Zderzenie napastnika Górnika z bramkarzem Legii zakończyło się wizytą w szpitalu tego drugiego, jednak na szczęście nic poważnego się nie stało.
Na dwie minuty przed końcem regulaminowego czasu gry pierwszej połowy Igor Angulo niefortunnie zderzył się z bramkarzem Legii – Arkadiuszem Malarzem. Uderzenie było na tyle silne, że piłkarz Wojskowych został zabrany do szpitala.
Sam zawodnik Górnika o sytuacji mówi tak:
– Patrzyłem na piłkę, moim celem było posłanie jej do siatki, na tym się skupiłem. Potem nastąpiło zderzenie, ale przecież nie zrobiłem tego specjalnie!

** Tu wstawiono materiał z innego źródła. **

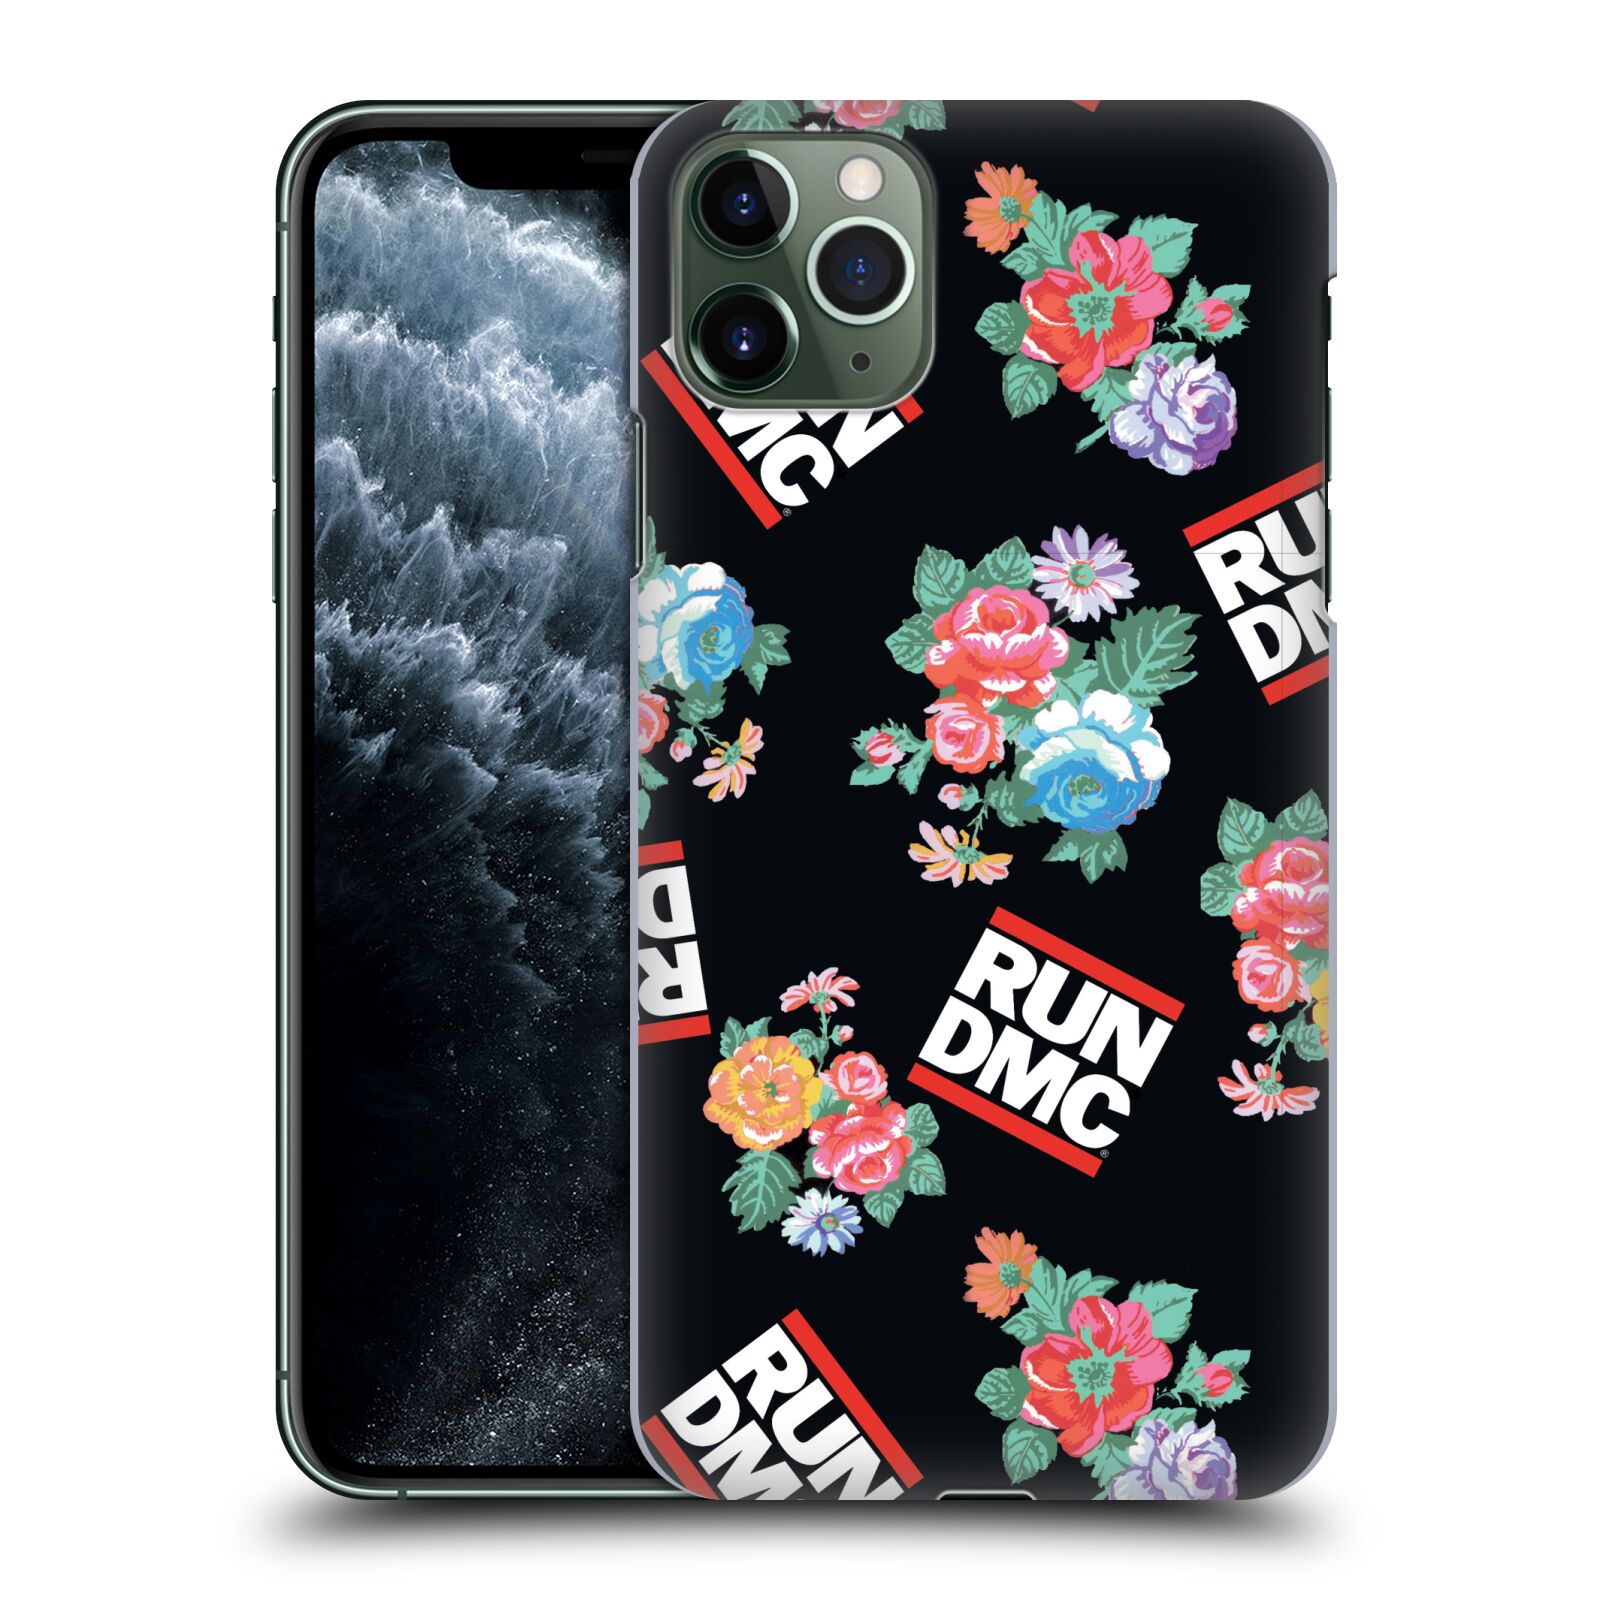 Pouzdro na mobil Apple Iphone 11 PRO MAX - HEAD CASE - rapová kapela Run DMC květiny černé pozadí

Hiszpan rozmawiał już z Malarzem po całym zajściu:
– Upewniłem się, że wszystko jest w porządku i odetchnąłem z ulgą. Mam nadzieję, że będzie gotowy na środowy mecz Legii w eliminacjach Ligi Mistrzów.
Sporo osób za złe zawodnikowi Górnika miało to iż po zajściu nie pofatygował się do swej ofiary, jednak wszystko wyjaśnia:
– Pojawiła się karetka, bramkarz Legii był otoczony wianuszkiem ludzi, z których część zajmowała się udzieleniem mu pomocy. To nie był dobry moment, abym się tam kręcił.
Przypomnijmy, że Górnik Zabrze triumfował 3:1, a sam Angulo zdobył 2 gole.